Summary. The manuscript proposes DVP-MVS++, a patch-deformation MVS pipeline that first generates coarse depth/normal maps with DepthPro and Metric3Dv2 plus Roberts edges, aligns them via erosion-dilation to create homogeneous boundaries, reformulates view-selection weights as visibility maps, applies enhanced cross-view depth reprojection and area-maximization for harmonized priors, and uses aggregated normals, epipolar depth differences, and SHIQ highlight correction to enforce geometry consistency. The central claim is that these steps together prevent edge-skipping and visibility failures, yielding state-of-the-art results on ETH3D, Tanks & Temples, and Strecha.

Significance. If the alignment and visibility mechanisms prove reliable, the approach could strengthen patch-based MVS in textureless and occluded regions by composing existing monocular estimators with lightweight morphological and reprojection steps.

major comments (1)

[Abstract and §3.1] Abstract and §3.1 (depth-normal-edge alignment): the claim that erosion-dilation of off-the-shelf DepthPro/Metric3Dv2 depths with Roberts edges produces fine-grained homogeneous boundaries that reliably block edge-skipping during patch deformation is load-bearing for the entire contribution. Because the depth estimators are applied without dataset-specific fine-tuning, systematic biases (over-smoothing in low-texture areas, scale drift) can persist; simple morphological operations cannot correct residual misalignments, leaving patches free to cross true discontinuities. This assumption requires explicit validation (e.g., boundary-error metrics or ablation removing the alignment step) before the robustness claim can be accepted.

minor comments (1)

[Abstract] The abstract states that geometry consistency is obtained via “aggregated normals via view selection and projection depth differences via epipolar lines,” yet the precise aggregation rule and how these terms are weighted inside the propagation/refinement stage are not specified.

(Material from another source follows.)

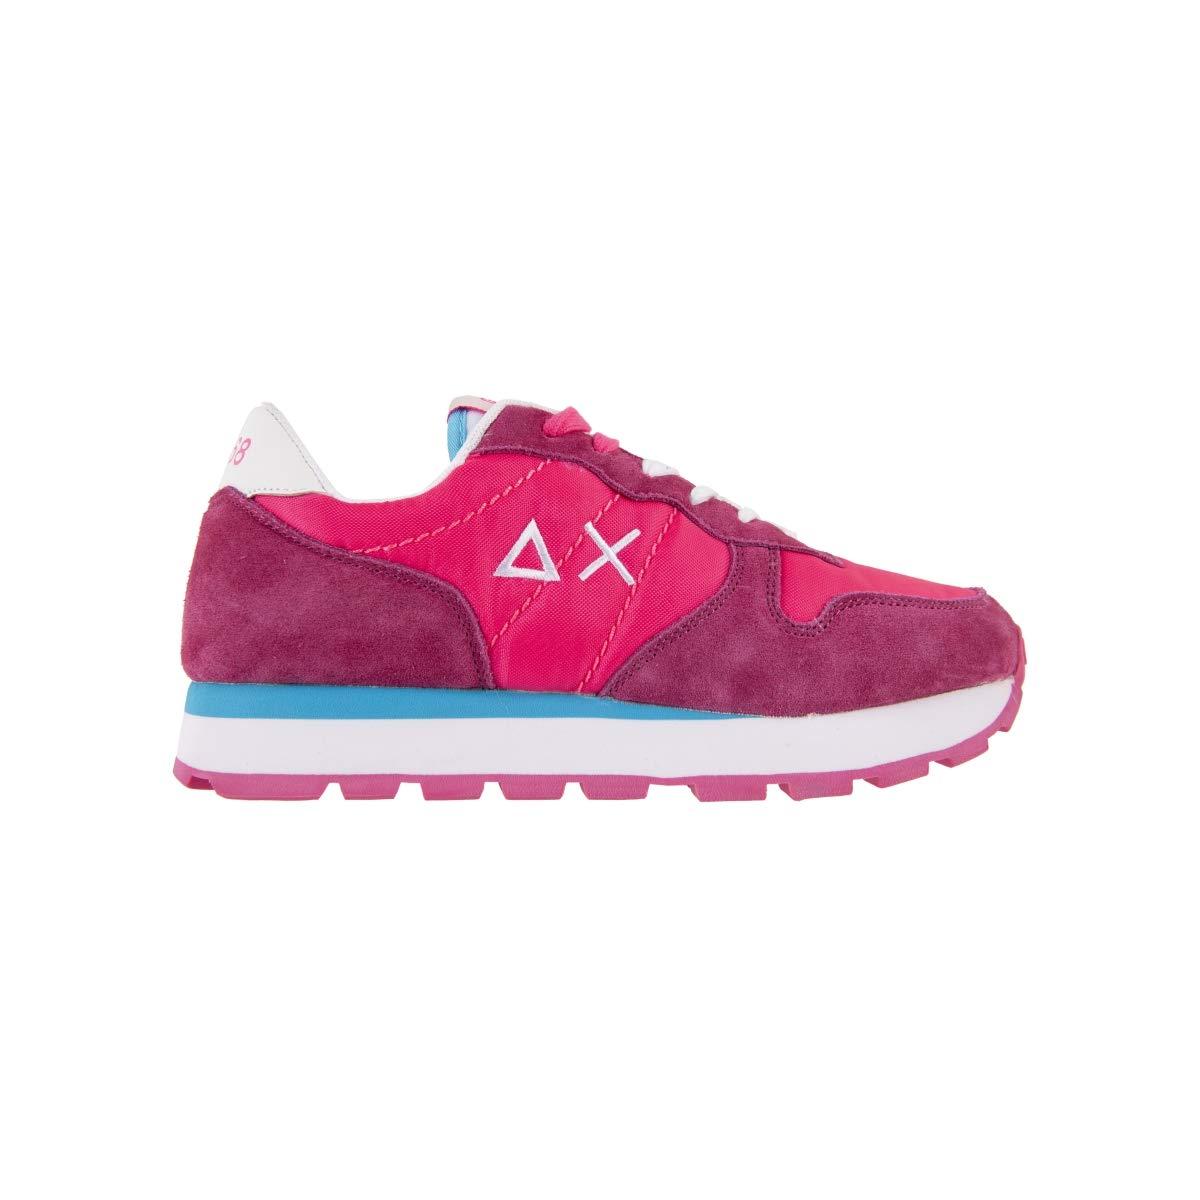 Sun 68 Scarpe da Donna scarpe da da da ginnastica Running Sportive Ginnastica in Tela Camoscio Fucsia Calzature Z19201 scarpe Nuove Comode Fondo Gomma dd4256

Simulated Author's Rebuttal

1 responses · 0 unresolved

We thank the referee for the detailed and constructive review. We address the major comment below and have revised the manuscript to incorporate additional explicit validation of the depth-normal-edge alignment.

read point-by-point responses

Referee: [Abstract and §3.1] Abstract and §3.1 (depth-normal-edge alignment): the claim that erosion-dilation of off-the-shelf DepthPro/Metric3Dv2 depths with Roberts edges produces fine-grained homogeneous boundaries that reliably block edge-skipping during patch deformation is load-bearing for the entire contribution. Because the depth estimators are applied without dataset-specific fine-tuning, systematic biases (over-smoothing in low-texture areas, scale drift) can persist; simple morphological operations cannot correct residual misalignments, leaving patches free to cross true discontinuities. This assumption requires explicit validation (e.g., boundary-error metrics or ablation removing the alignment step) before the robustness claim can be accepted.

Authors: We acknowledge that off-the-shelf monocular estimators can exhibit biases and that morphological operations have limits. However, the erosion-dilation is applied specifically to the Roberts edge maps to enforce boundary homogeneity for patch deformation, which is a lightweight post-processing step rather than a full correction of the depth field. In the revised manuscript we have added (i) an ablation that disables the alignment step and reports the resulting increase in edge-skipping artifacts and reconstruction error on ETH3D and Tanks & Temples, and (ii) quantitative boundary-error metrics (mean boundary displacement and F-score at 1-pixel threshold) computed against available ground-truth depth on a held-out subset of ETH3D. These new results show measurable improvement attributable to the alignment and are presented in Section 4.3 and the supplementary material. revision: yes

Circularity Check

0 steps flagged

No significant circularity; method composes external tools with independent alignment steps

full rationale

The paper's derivation describes a pipeline that applies off-the-shelf models (DepthPro, Metric3Dv2, Roberts operator, SHIQ) followed by proposed erosion-dilation alignment and reformulated visibility priors. No equations, fitted parameters renamed as predictions, or self-citation chains are shown that reduce outputs to inputs by construction. The central claims rest on the composition and new strategies rather than tautological definitions, with results validated on independent external datasets (ETH3D, Tanks & Temples, Strecha). This is self-contained against benchmarks.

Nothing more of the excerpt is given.